Next, a typical Li‖Cu half-cell was assembled to analyze the reduction process through linear sweep voltammetry (LSV) testing (Fig. 2e). The reduction peak for LiNO3 appears at approximately 1.7 V.36 Compared to the PPL-based cell, the PPLD-based cell exhibits a lower intensity of the LiNO3 reduction peak. Given that the cell was rested for one day before testing, this result implies that the DNA molecules may undergo decomposition during the resting period, thereby pre-forming the SEI and thus reducing the consumption of electrolyte during the electrochemical SEI formation process. Furthermore, XPS was utilized to confirm the chemical composition of the Li surface. After a 7-day rest, the Li surface from the Li‖Li symmetric cell with the PPL separator is characterized with an abundance of NO3 and LixNOy, which can be attributed to the decomposition of the electrolyte (Fig. 2f). In contrast, NO3 and LixNOy components are not detected on the Li surface of the Li‖Li symmetric cell with the PPLD separator. Meanwhile, the LiF component is more abundant than cell with PPL separator (Fig. S5). These results demonstrate that the protection of LATSP originates from a synergistic mechanism: at the initial contact stage, DNA molecules grafted onto the LATSP surface form a molecular-scale interfacial layer, thereby mitigating the premature reductive decomposition of LATSP. Meanwhile, owing to the low LUMO level of DNA, these molecules undergo preferential reduction on the Li metal surface, leading to the formation of an inorganic-rich SEI layer. This SEI is electronically insulating yet ionically conductive, which effectively blocks further electron transfer while allowing efficient Li+ transport.
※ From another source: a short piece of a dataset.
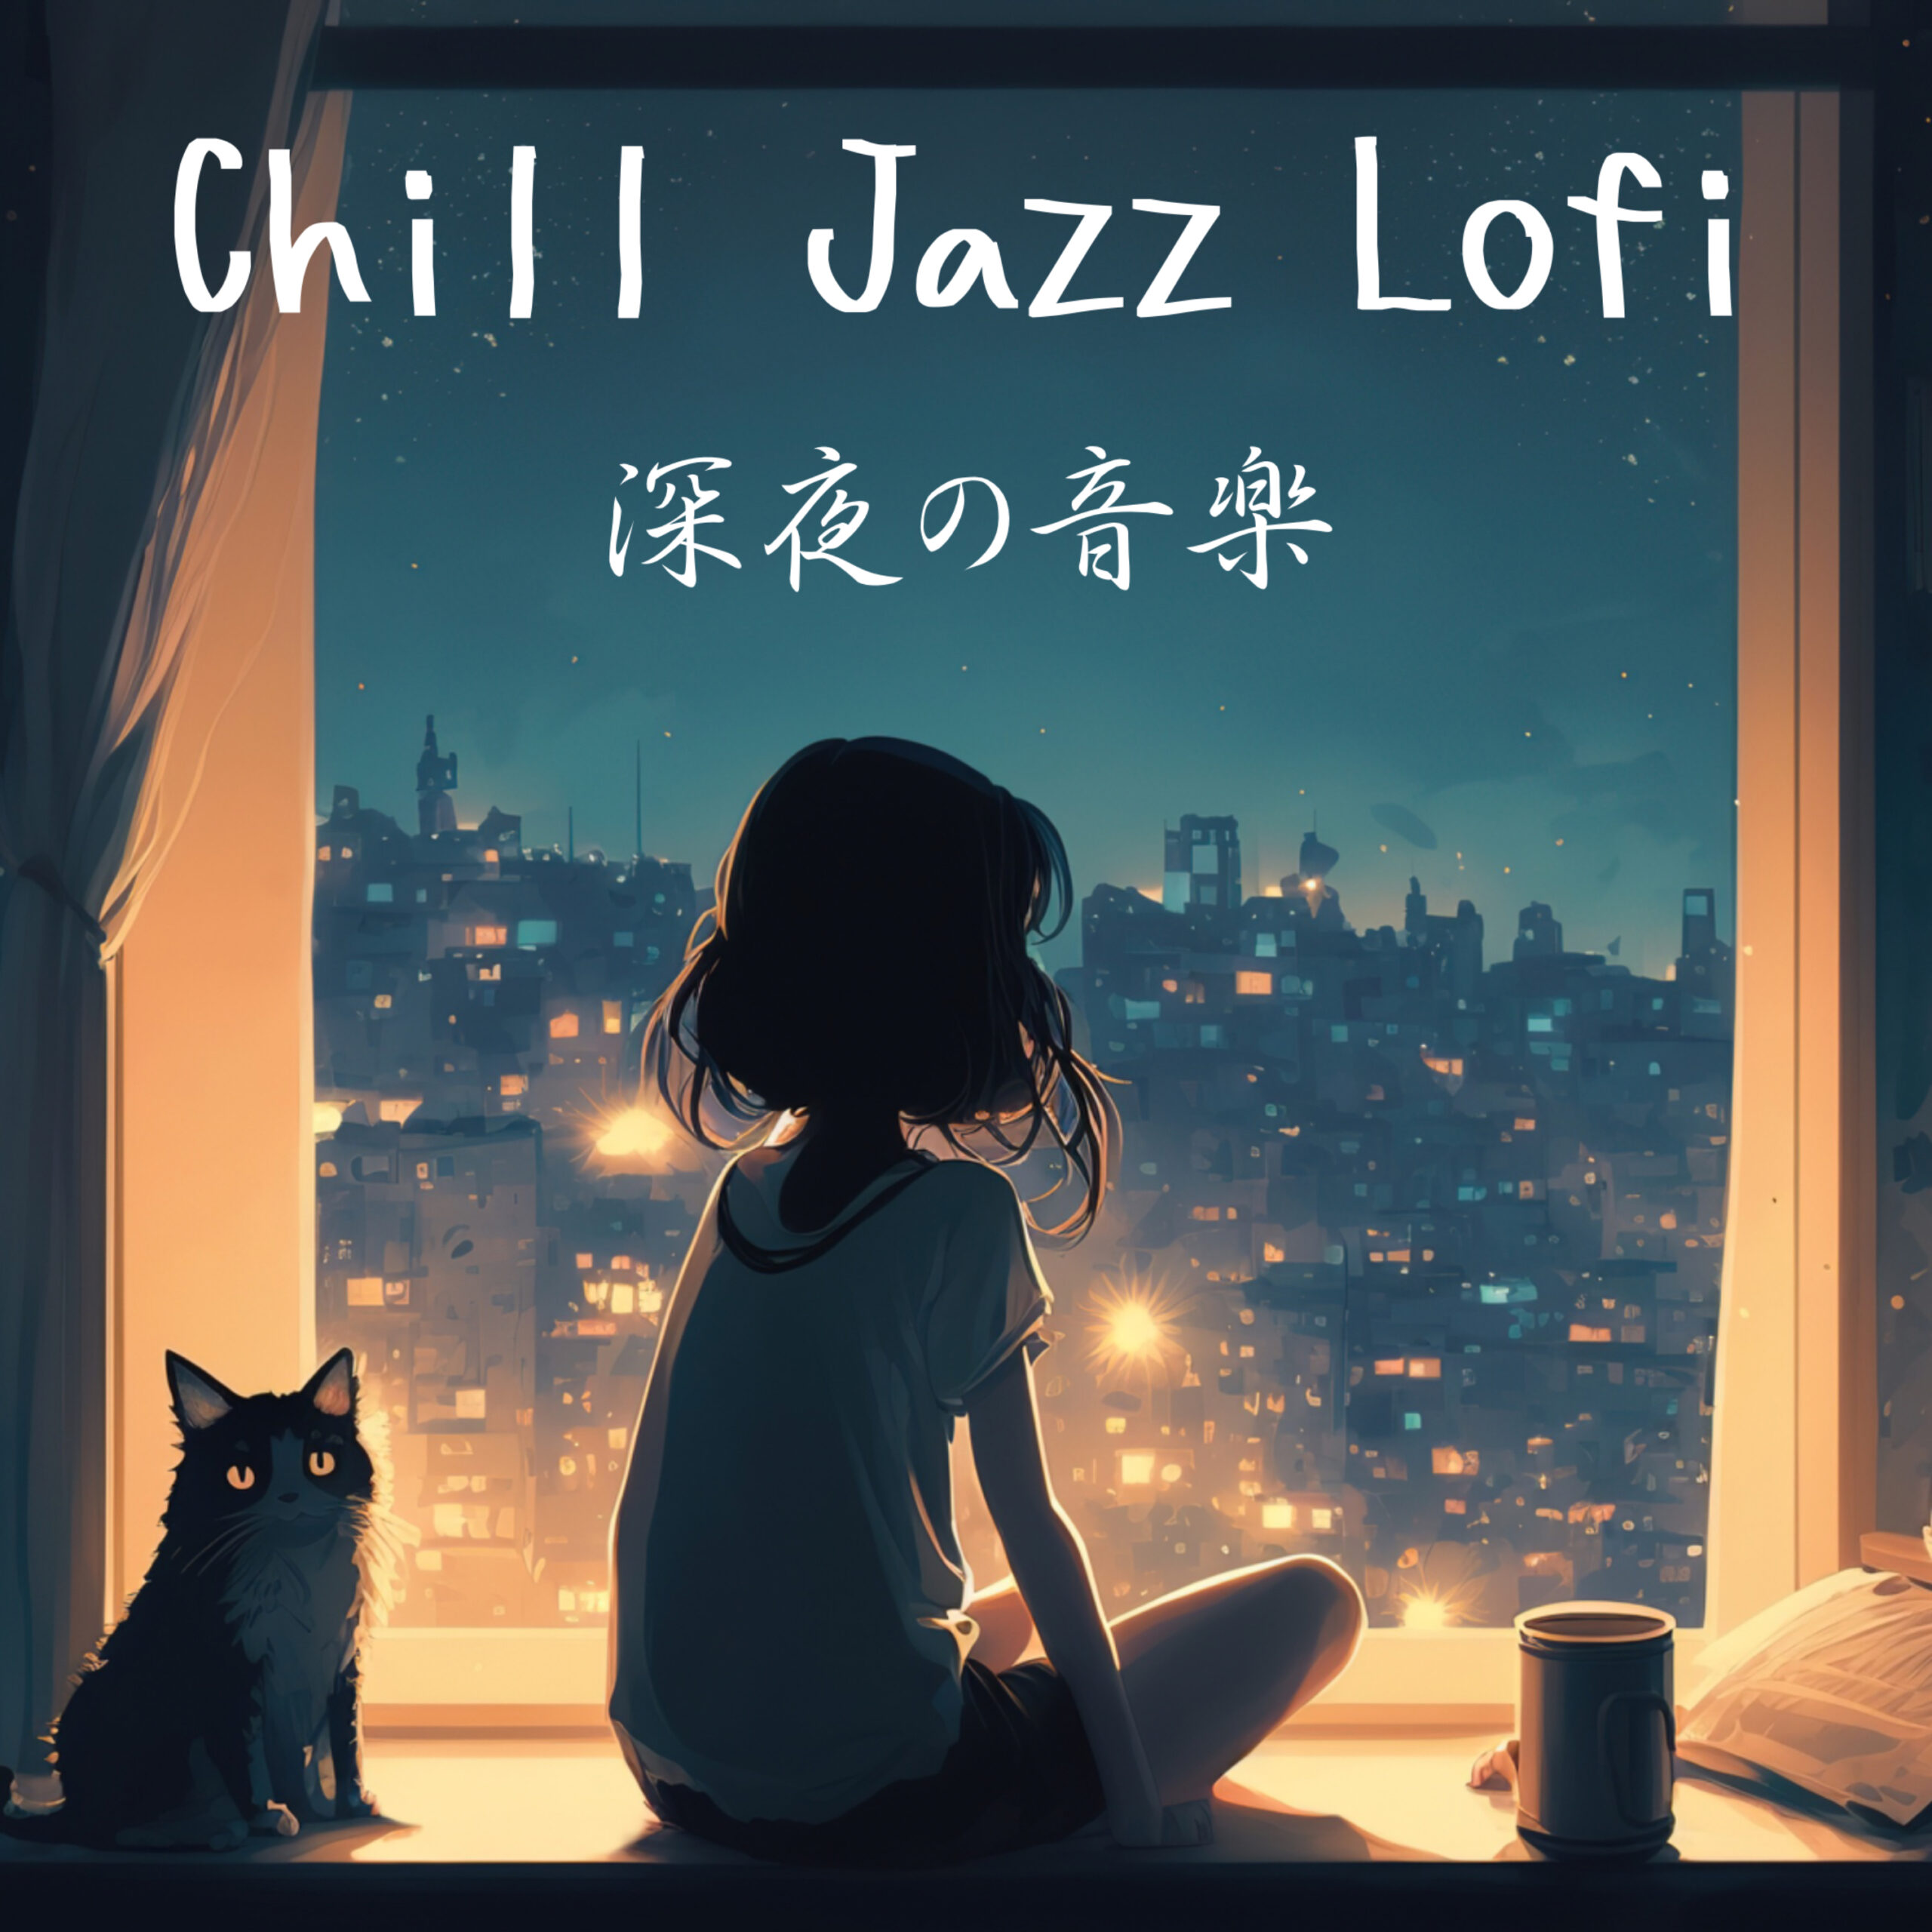 Chill Jazz Lofi 深夜の音楽 作業用、睡眠用、リラックスした大人の夜のひととき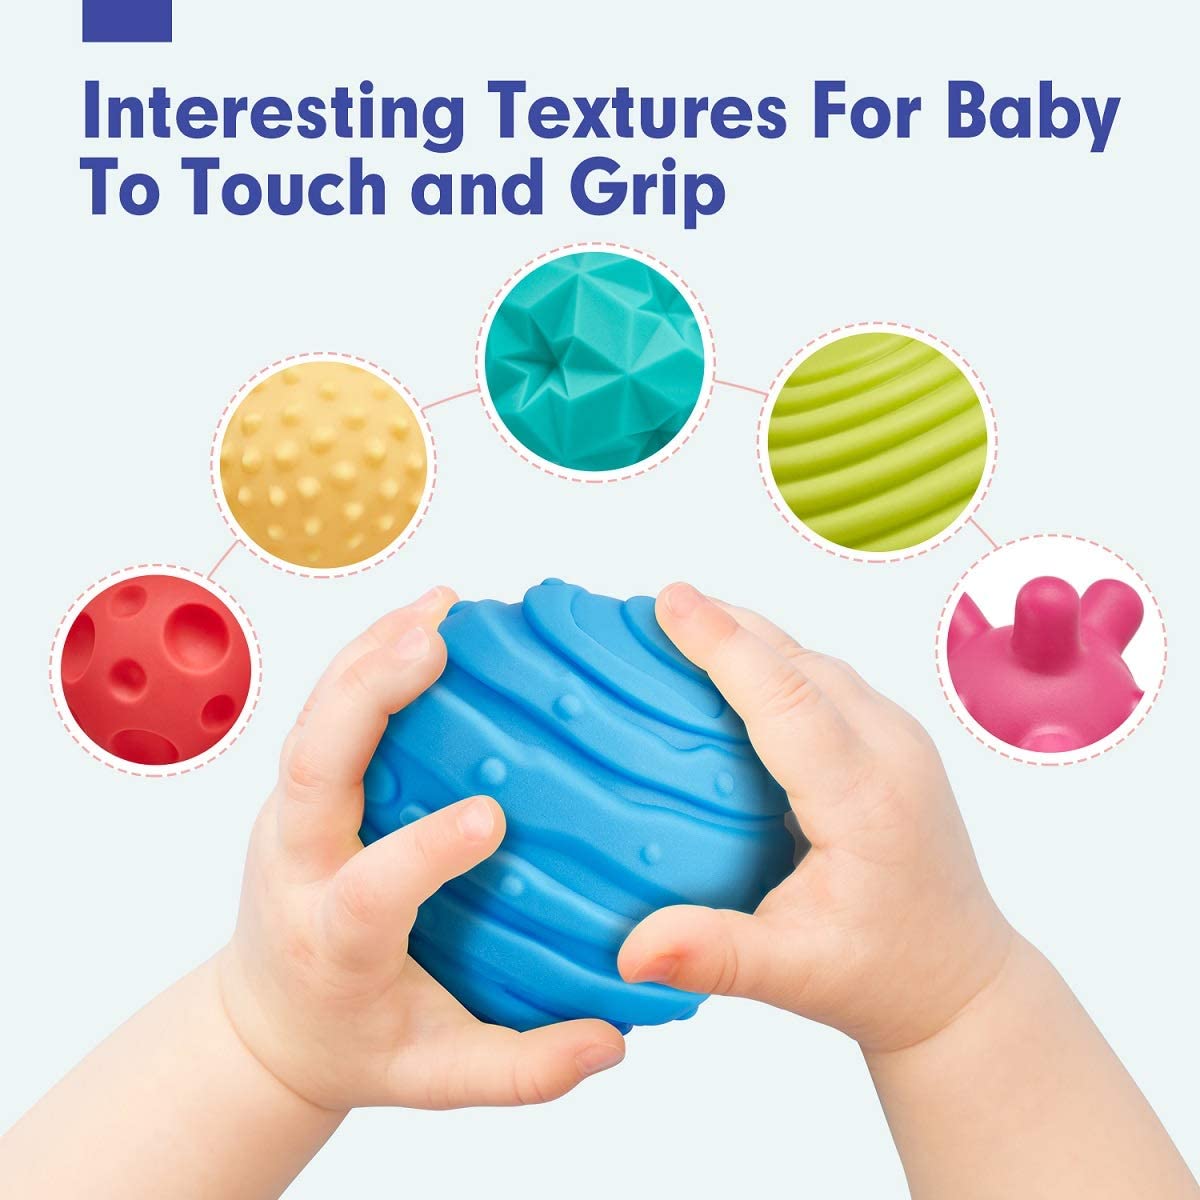 Juguetes para bebes 3-6 meses Bolas sensoriales Multicolor d hahaland  hahaland

The synergistic effects of early-stage molecular passivation and subsequent SEI formation together account for the enhanced chemical stability and transport kinetics observed at the LATSP/electrolyte interface. Fig. S6 presents a schematic diagram illustrating the significant impact of the DNA layer on the interfacial stability between the LATSP and Li metal. The inorganic-rich interphase governs the subsequent interfacial ion transport behavior even if the original organic dipole species are partially consumed, especially those located at or near the Li interface. Moreover, the dipole interaction acts at the LATSP/liquid electrolyte interface and does not involve SEI formation, exerting a continuous effect and improving the Li+ transport efficiency.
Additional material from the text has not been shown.